Over 400,000 people in the United States have died from opioid overdoses in the last 20 years. This crisis has disproportionately impacted disabled Medicare and Medicaid beneficiaries, who experience opioid overdose mortality rates more than 4 times higher than the general US population. Knowledge about when and where these vulnerable individuals access health care following an overdose, and their health outcomes, may provide key information about the best allocation of public health resources and possible points of intervention for substance use treatment. This study asks: 1) What factors are associated with mortality in the 12 months following a nonfatal opioid overdose among individuals under the age of 65 dually enrolled in Medicare and Medicaid (nonelderly duals), and 2) What are the health care utilization behaviors of nonelderly duals following a nonfatal opioid overdose?
This study uses 2016 nation-wide Medicare fee-for-service claims data for nonelderly duals who experienced a nonfatal overdose. Nonelderly duals who were eligible for Medicare based on end-stage renal disease and those with cancer diagnoses are excluded. A qualifying criterion into this study is at least one primary or secondary diagnosis for substance overdose at the time of visit or admission to the emergency department. The beneficiaries’ comorbidities, subsequent health care utilization, and 12-month mortality outcomes were assessed. Logistic regression was used to assess factors associated with 12-month mortality. Health care utilization included both inpatient and outpatient services.

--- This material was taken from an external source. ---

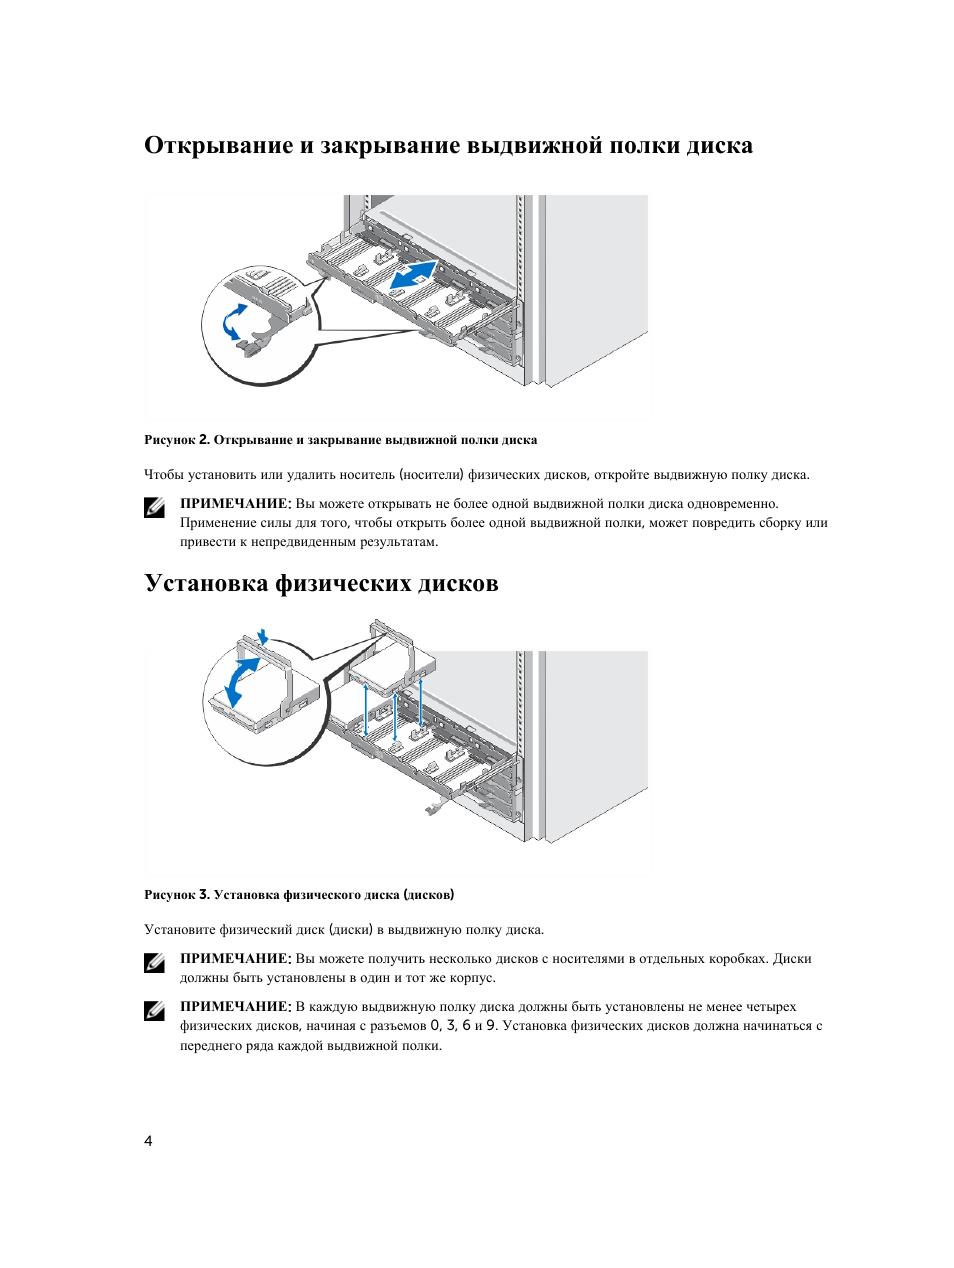 Открывание и закрывание выдвижной полки диска, Установка физических дисков

Over 10% of the 14,193 nonelderly duals who experienced a nonfatal opioid overdose in 2016 died within 12 months of the event. A significant proportion of those who died had diagnoses of dangerous comorbidities that were associated with subsequent mortality, including chronic kidney disease (61%; OR=1.8, p<0.0001), chronic obstructive pulmonary disease (51%; OR=1.2, p<0.0001), and heart failure (40%; OR=1.6, p<0.0001). Individuals who overdosed, regardless of mortality outcome, had numerous health encounters in the 12 months following the overdose. Those who overdosed and died within 12 months had 23 visits on average prior to death.
Conclusions and Implications:
Nonelderly duals face multiple and intersectional barriers to their well-being: poverty, disability, medical comorbidity, and the complexity of overlapping public coverage. Visits to health care facilities following a nonfatal overdose may provide critical points for intervention. The findings from this study have the potential to help clinical social workers and health care providers identify those most in need of substance use treatment, as well as times and places at which treatment may be most impactful. This study is also pertinent to policymakers, who seek to identify opportunities for interventions to assist this vulnerable population. Future analyses in this study will address 1) the effects of competing risks of conditions related to disability on 12-month mortality from substance overdose among nonelderly duals, and 2) the association between the timing, frequency, and/or site of care with 12-month survival following a nonfatal opioid overdose among nonelderly duals.